» **PROBLEM TO WORK ON**: Skip the pictures, and retype the data below in full, exactly.

» **SUPPLIED MATERIAL**:
-*-*-

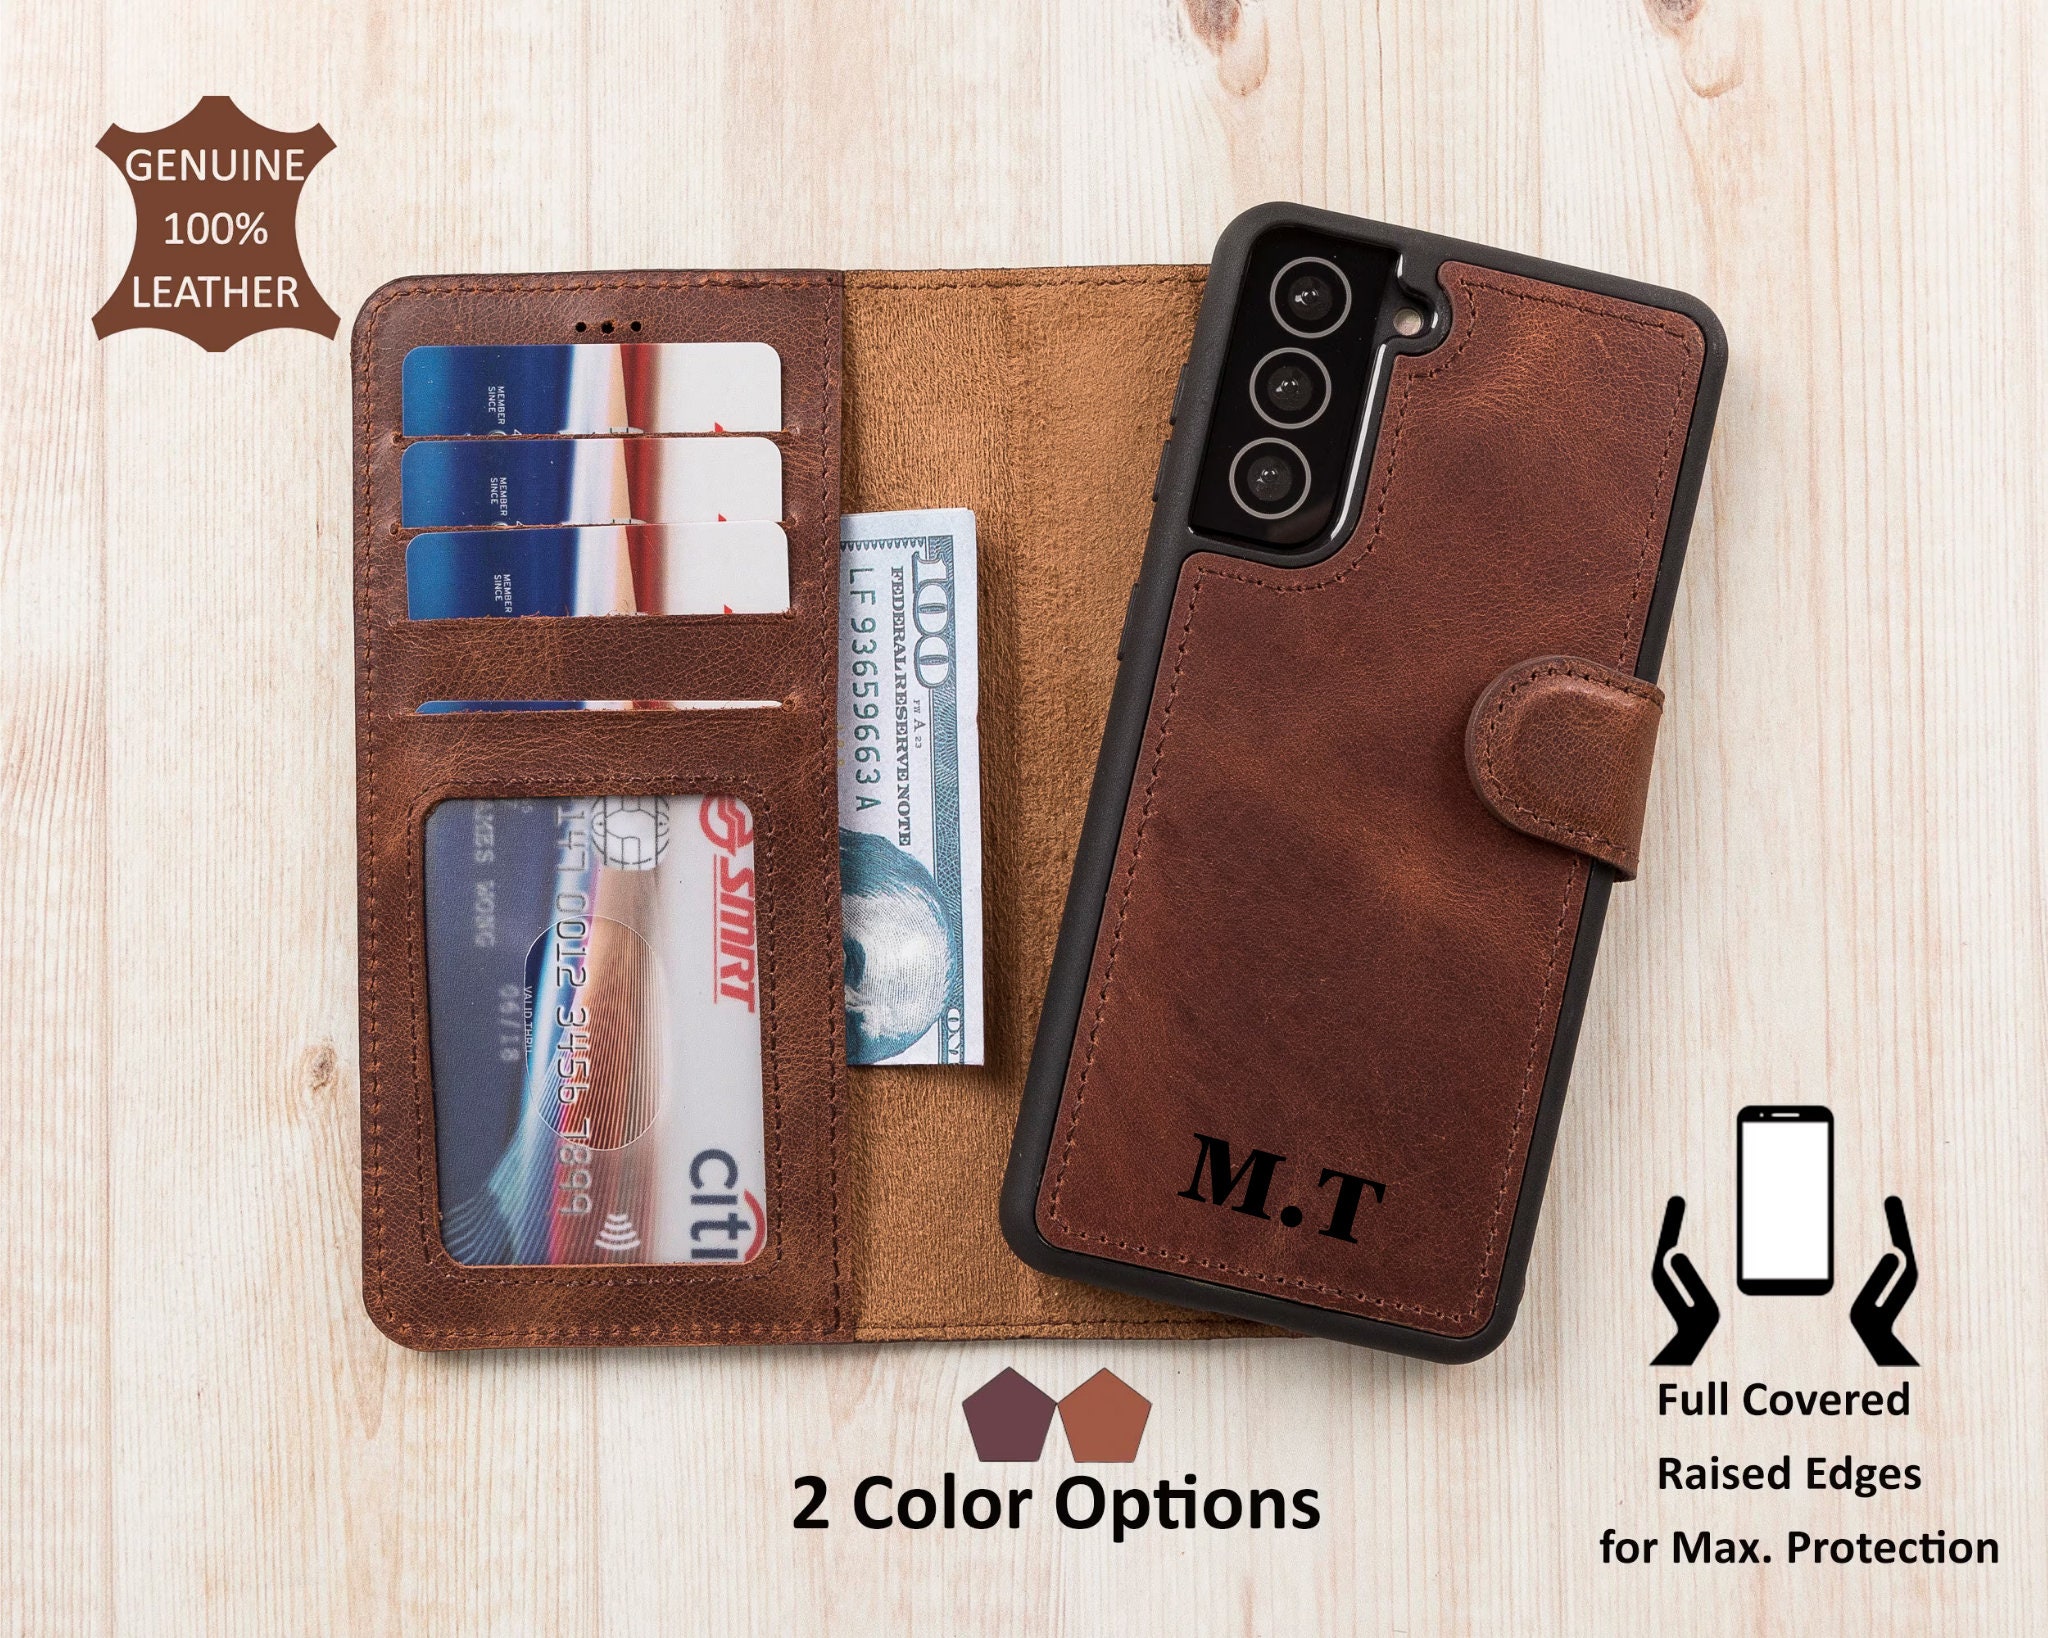 For Cubot Note 21 Retro Phone Case Leather Magnetic Folio Cover
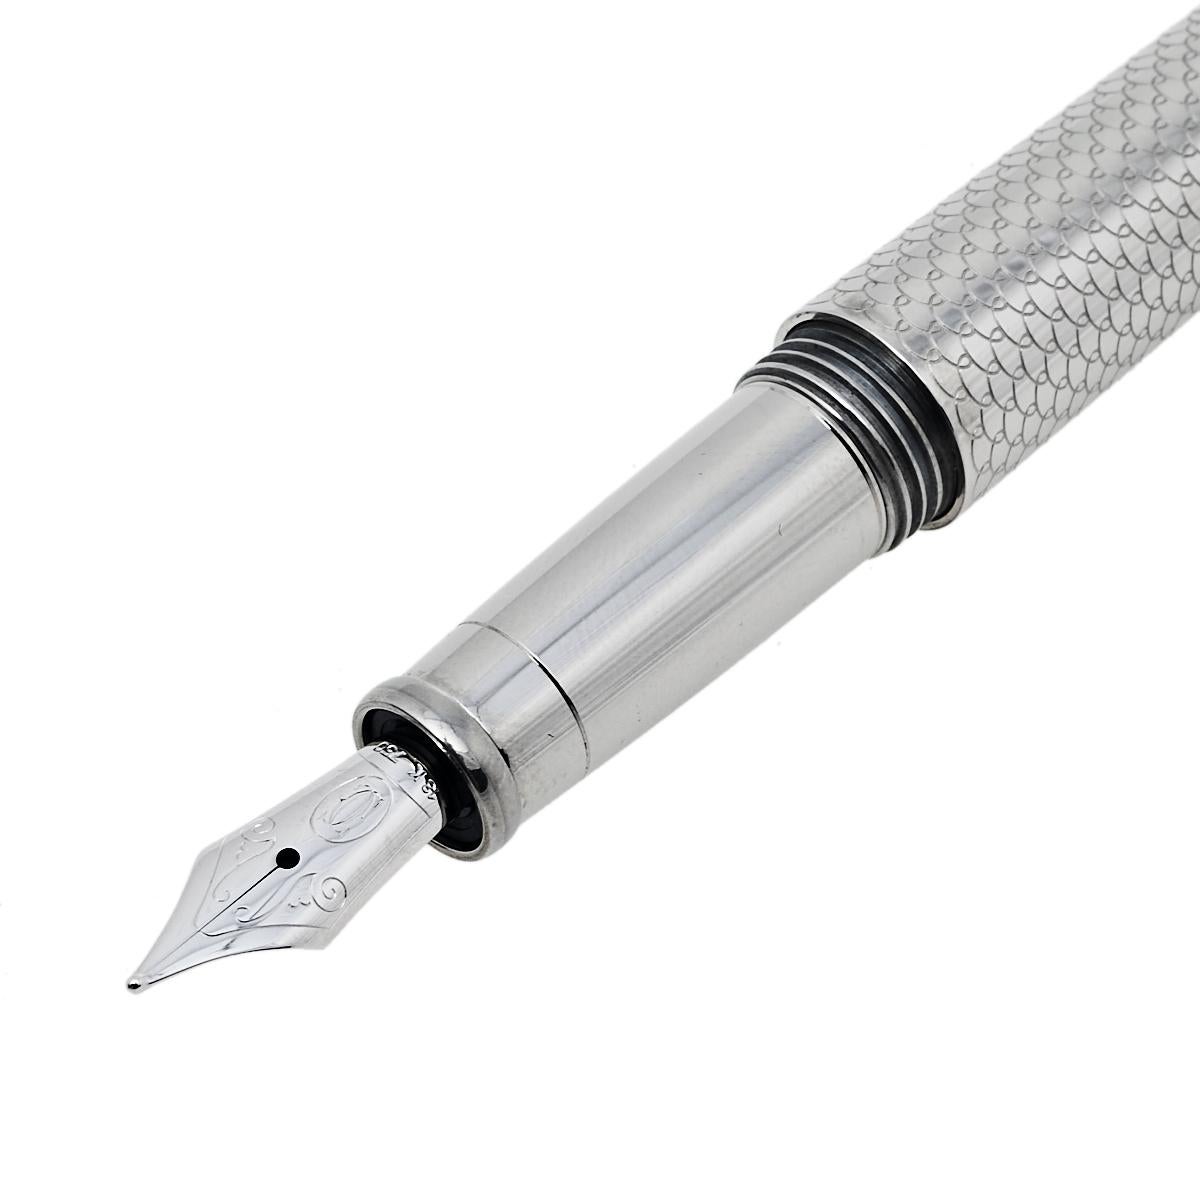 Let your dream of owning a fine pen come alive with this masterpiece from Cartier! It is a part of the brand's Trinity De Cartier collection and comes crafted from palladium hardware and adorned with a 'Resille' decor pattern that looks
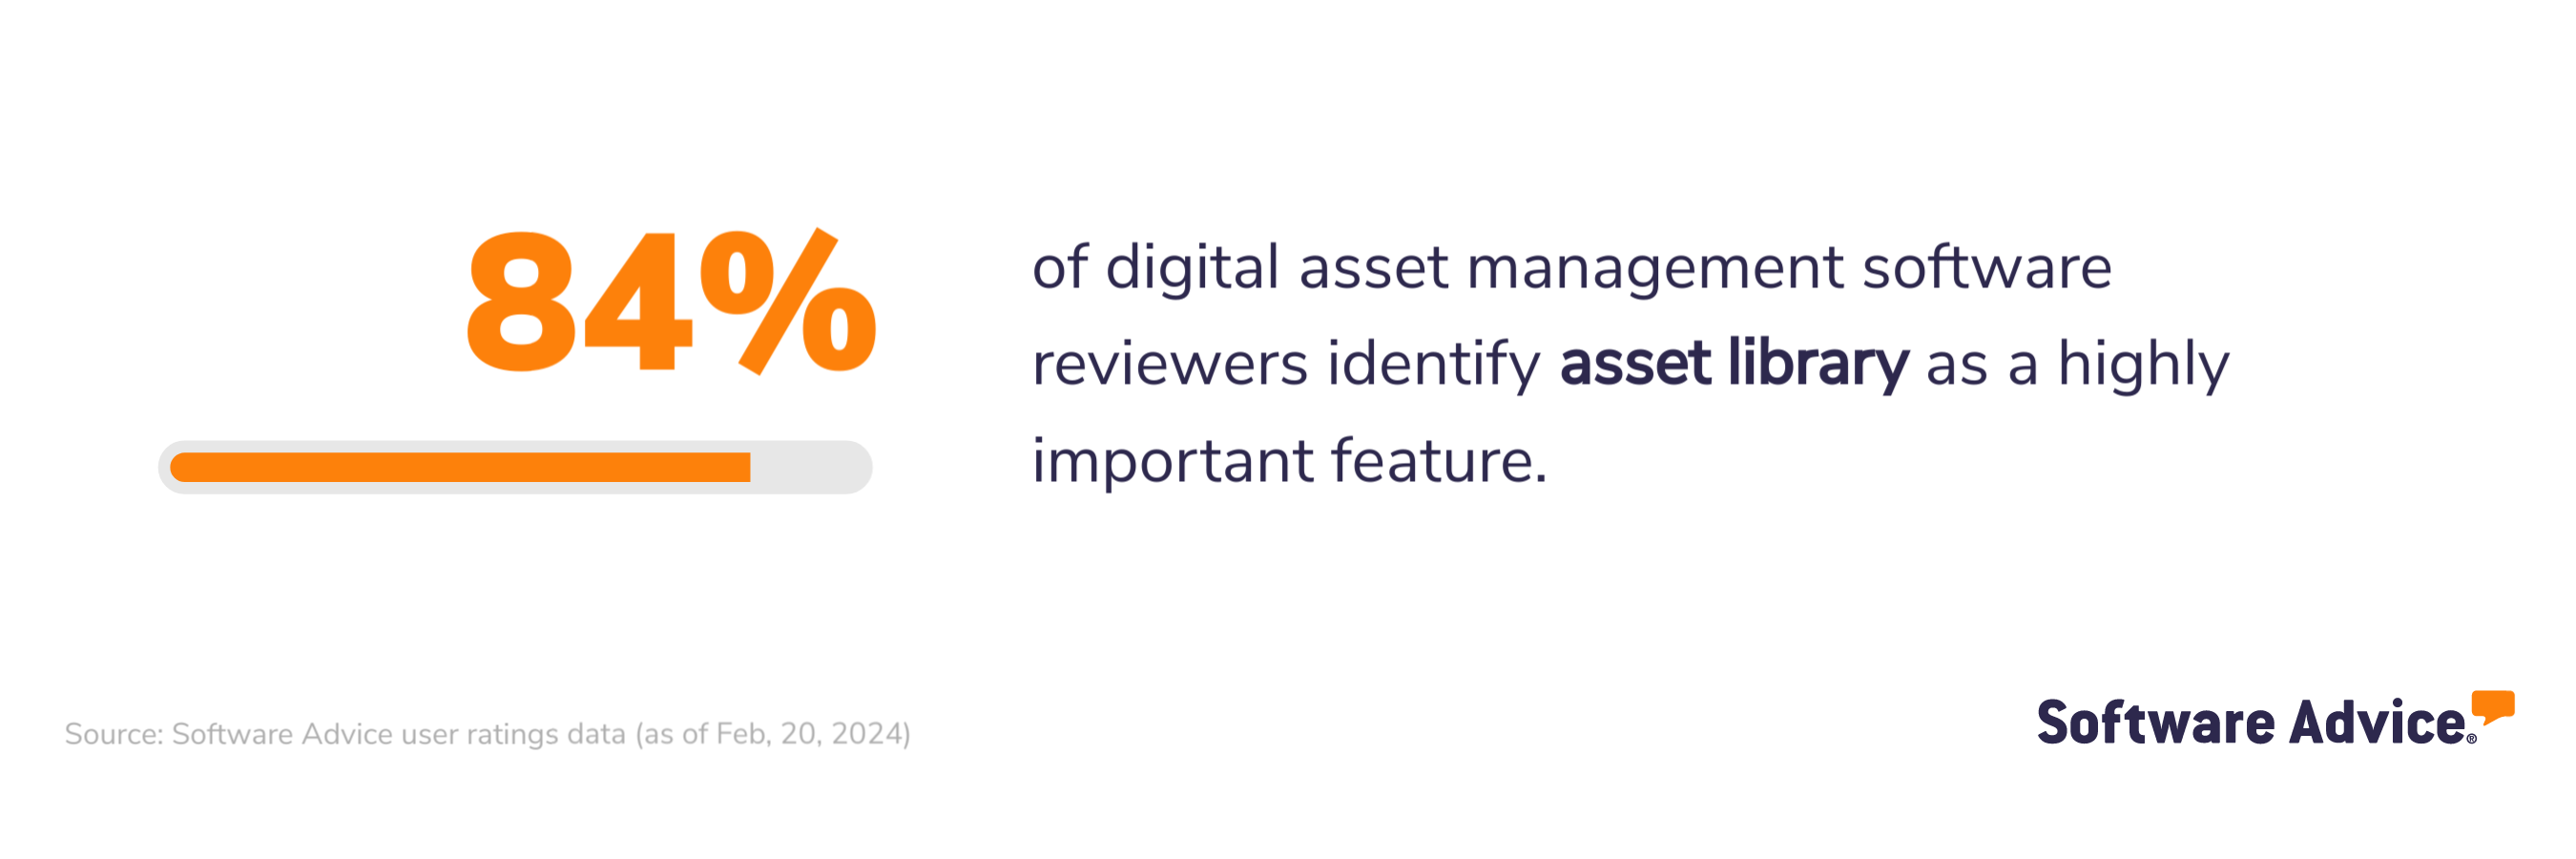 84% of digital asset management software reviewers identify asset library as a highly important feature.

-*-*-

» **ANSWER FOR THIS EXERCISE**:
 For Cubot Note 21 Retro Phone Case Leather Magnetic Folio Cover
 Let your dream of owning a fine pen come alive with this masterpiece from Cartier! It is a part of the brand's Trinity De Cartier collection and comes crafted from palladium hardware and adorned with a 'Resille' decor pattern that looks
 84% of digital asset management software reviewers identify asset library as a highly important feature.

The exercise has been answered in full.